::: Data block

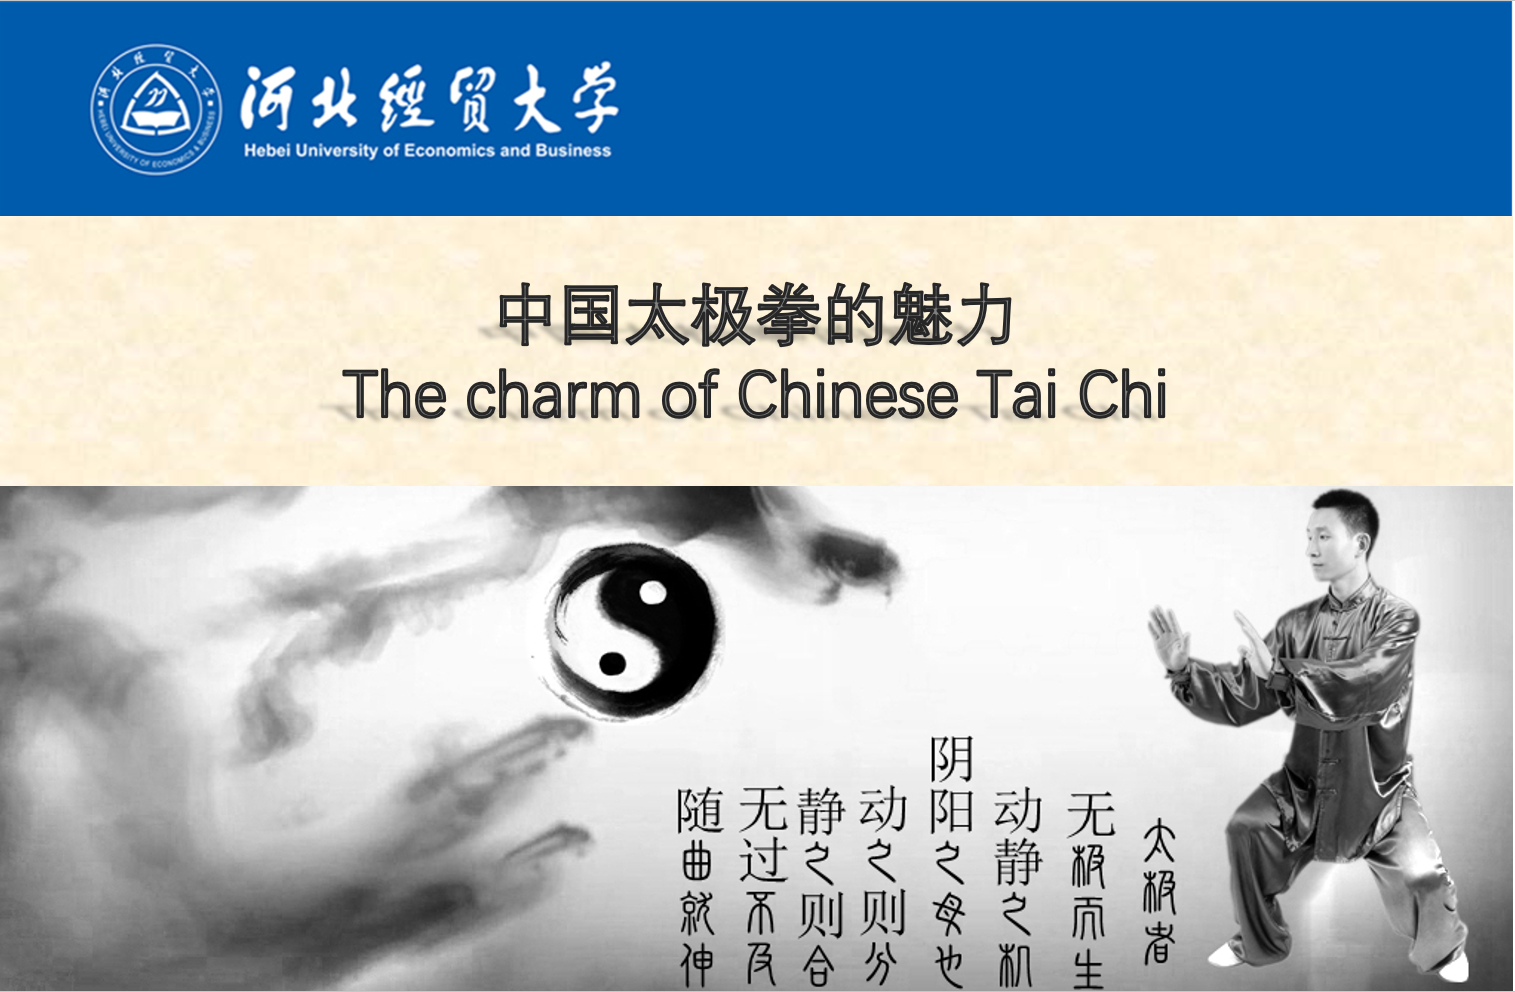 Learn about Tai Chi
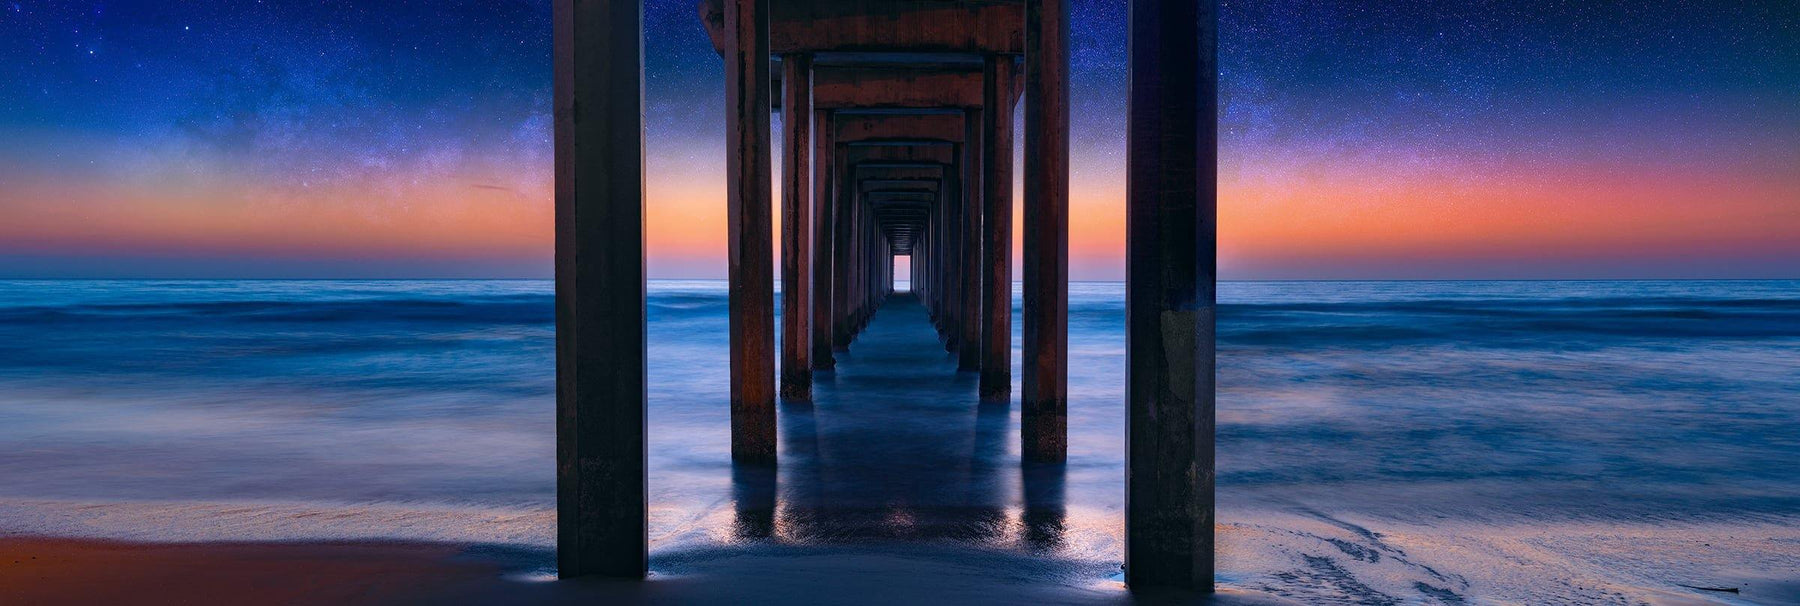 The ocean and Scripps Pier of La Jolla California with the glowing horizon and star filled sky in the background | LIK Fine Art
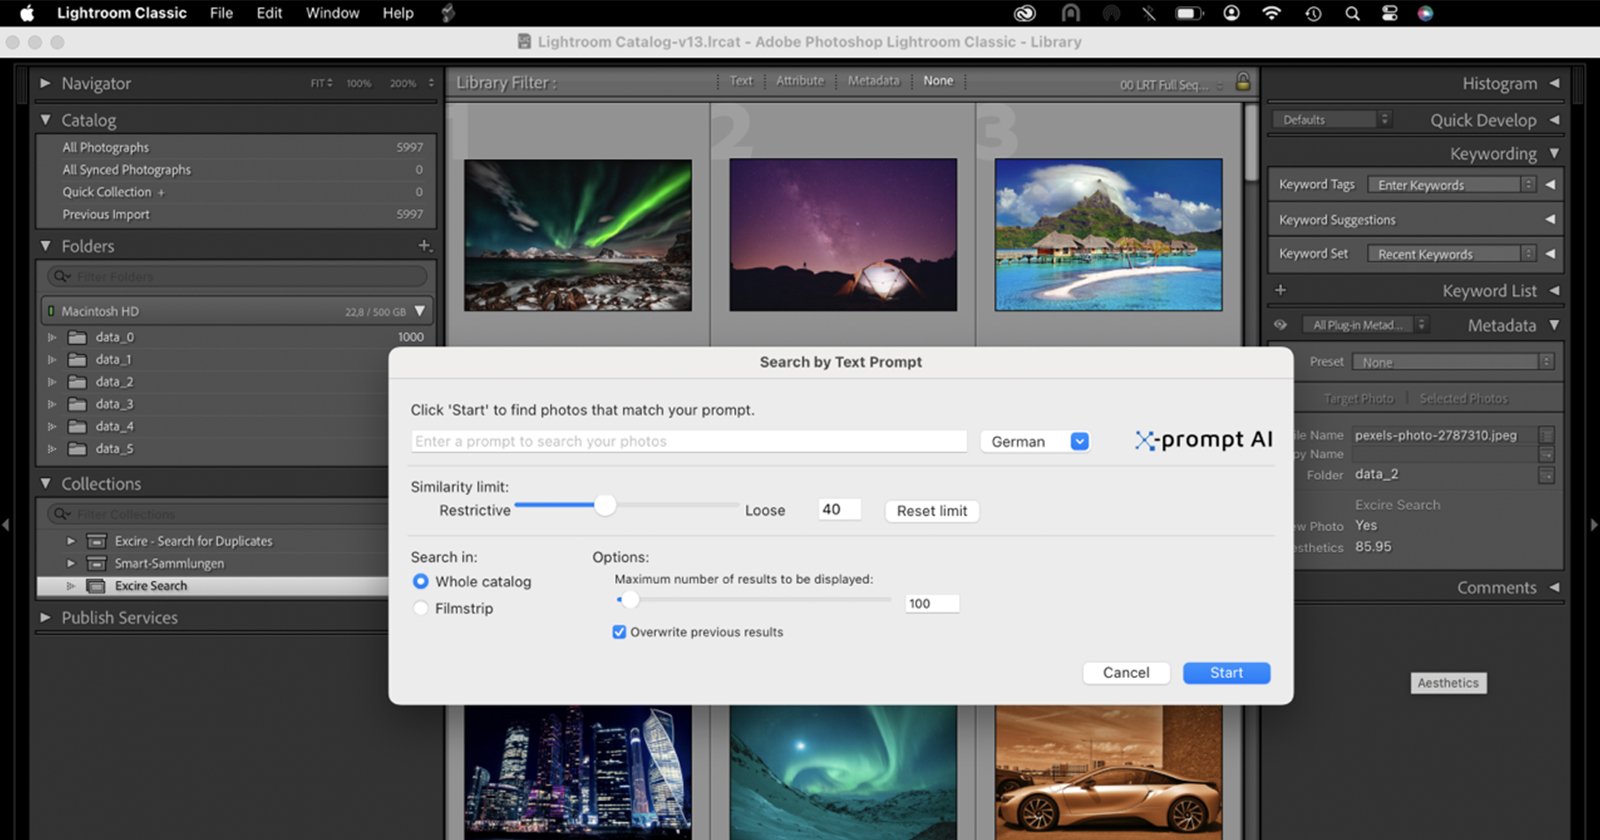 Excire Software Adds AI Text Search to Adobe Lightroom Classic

::::::

### Your goal:
When you restate the listing above, give each line word for word but leave out every image.

### Answer for this exercise:
 Learn about Tai Chi
 The ocean and Scripps Pier of La Jolla California with the glowing horizon and star filled sky in the background | LIK Fine Art
 Excire Software Adds AI Text Search to Adobe Lightroom Classic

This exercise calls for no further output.